谢光辉显然是这里的常客,熟门熟路地走过去,
和前台后面的一个中年男人打了个招呼。
那男人四十来岁,穿着衬衫西裤,一看就是老板模样。
“老张,给我这几个朋友安排一下。”
谢光辉说。老张眼睛一扫,目光在几个人脸上转了一圈,
随即露出一个“秒懂”的笑容,连连点头:
“谢厅放心,绝对都安排好,几位这边请。”
他招招手,几个穿着统一制服的女孩子从后面走出来,
每人领一个,往走廊深处走去。
李南被一个二十出头的女孩领着,进了一间不大的房间。
房间里有张按摩床,有沙发,有电视,灯光昏暗暧昧。
女孩关上门,冲他笑了笑,声音软软的:
“老板,先躺下吧,我给您按按。”
李南点点头,在按摩床上趴下。
女孩手法还算专业,按了一会儿肩膀和后背,
但渐渐的手就有些不老实了,往不该去的地方游走。
李南皱了皱眉,坐起身,看着她。
女孩愣了一下,随即又笑了,那笑容里带着几分挑逗:
“老板,您想怎么按都行,我们这儿什么服务都有...”
李南没接话,只是指了指墙上的电视:
“把电视打开,声音调大一点。
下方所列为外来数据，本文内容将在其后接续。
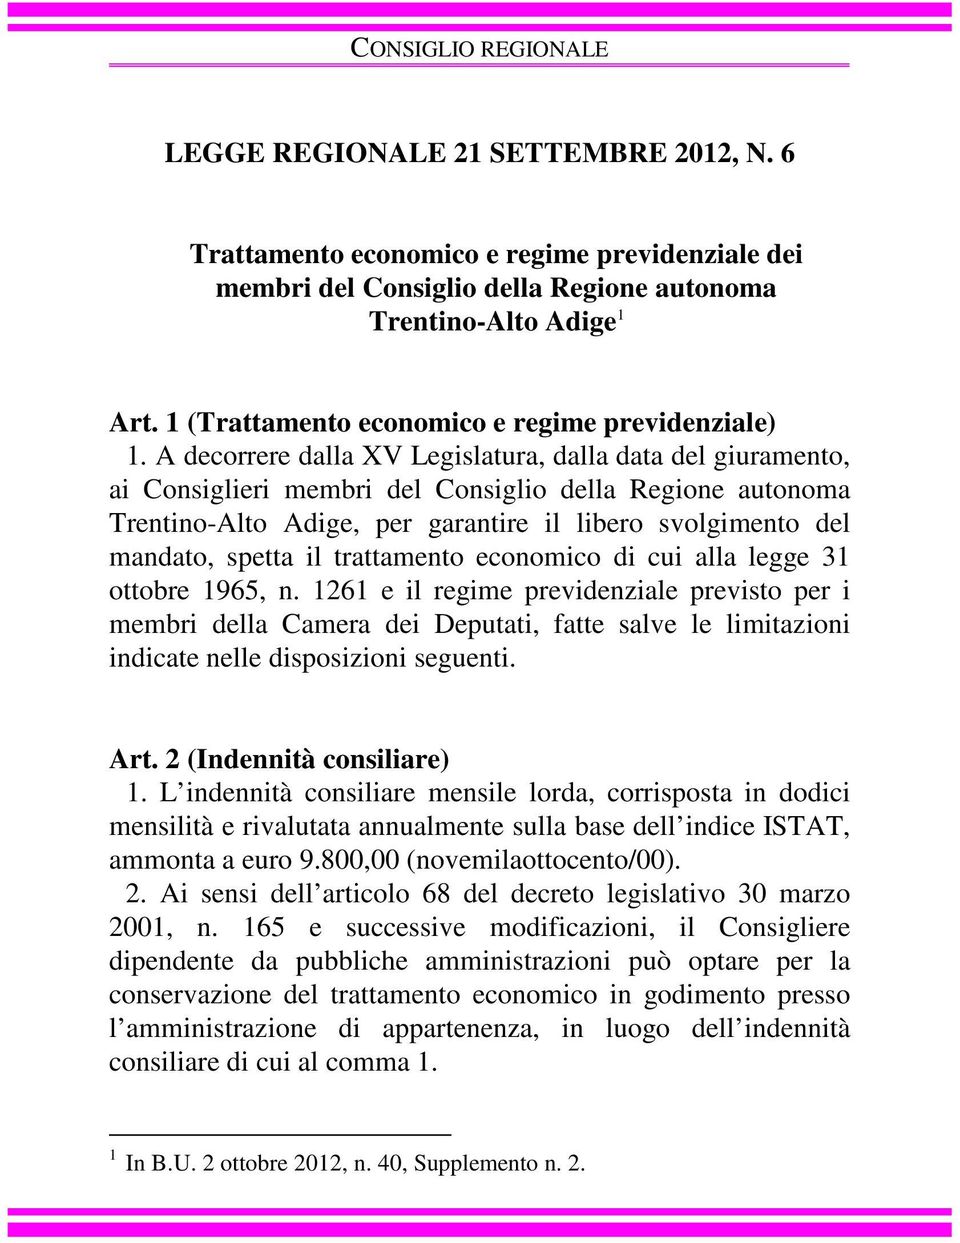 A decorrere dalla XV Legislatura, dalla data del giuramento, ai Consiglieri membri del Consiglio della Regione autonoma Trentino-Alto Adige, per garantire il libero svolgimento del mandato, spetta il

”
女孩愣住了,不明白他什么意思,但还是照做了。
电视打开,声音调到很大,屋里顿时被嘈杂的节目声填满。
李南从兜里掏出钱包,抽了几张钞票,递给女孩:
“按照你们的标准收费,这些够吗?”
女孩点点头,有些茫然。
李南把钱塞到她手里,语气平静但不容置疑:
“钱你拿着。你在这儿坐着就行,什么都不用做。
等会儿时间到了,你出去就说做完了服务。”
女孩彻底愣住了,瞪大眼睛看着他,像在看一个怪物。
她在这儿干了这么久,什么客人没见过?
有猴急的,有腼腆的,有装正经最后把持不住的,
但像这样——花钱进来,让姑娘坐着看电视,
什么都不干的——还是头一回遇到。
“老板,您这...”
她不知道该说什么。
李南已经重新趴回按摩床上,闭目养神,不再理她。
女孩愣愣地坐在沙发上,盯着电视,满脑子都是问号。
这人,真奇怪。
隔壁房间,高卓的待遇和李南差不多。
女孩进去后,同样使出浑身解数,想要撩拨他。
高卓却只是淡淡地笑了笑,指了指电视:
“把电视打开,声音调大。
你坐着就行,什么都不用干,钱照付。”
女孩愣住了,但看他态度坚决,
也不敢多说什么,只好照做。
高卓靠在沙发上,闭着眼睛,脑子里却在想着今天的事。
谢光辉这个人,果然和传说中一样,喜欢这一套。
但他高卓是苏建民的秘书,什么场合该进,
什么场合该退,心里门儿清。
这种地方,走个过场可以,
真要干什么,那就是给自己和领导找麻烦。
他看了一眼那个坐在沙发上、神情茫然的女孩,嘴角微微勾起。
这种“奇怪的客人”,估计够她想一阵子了。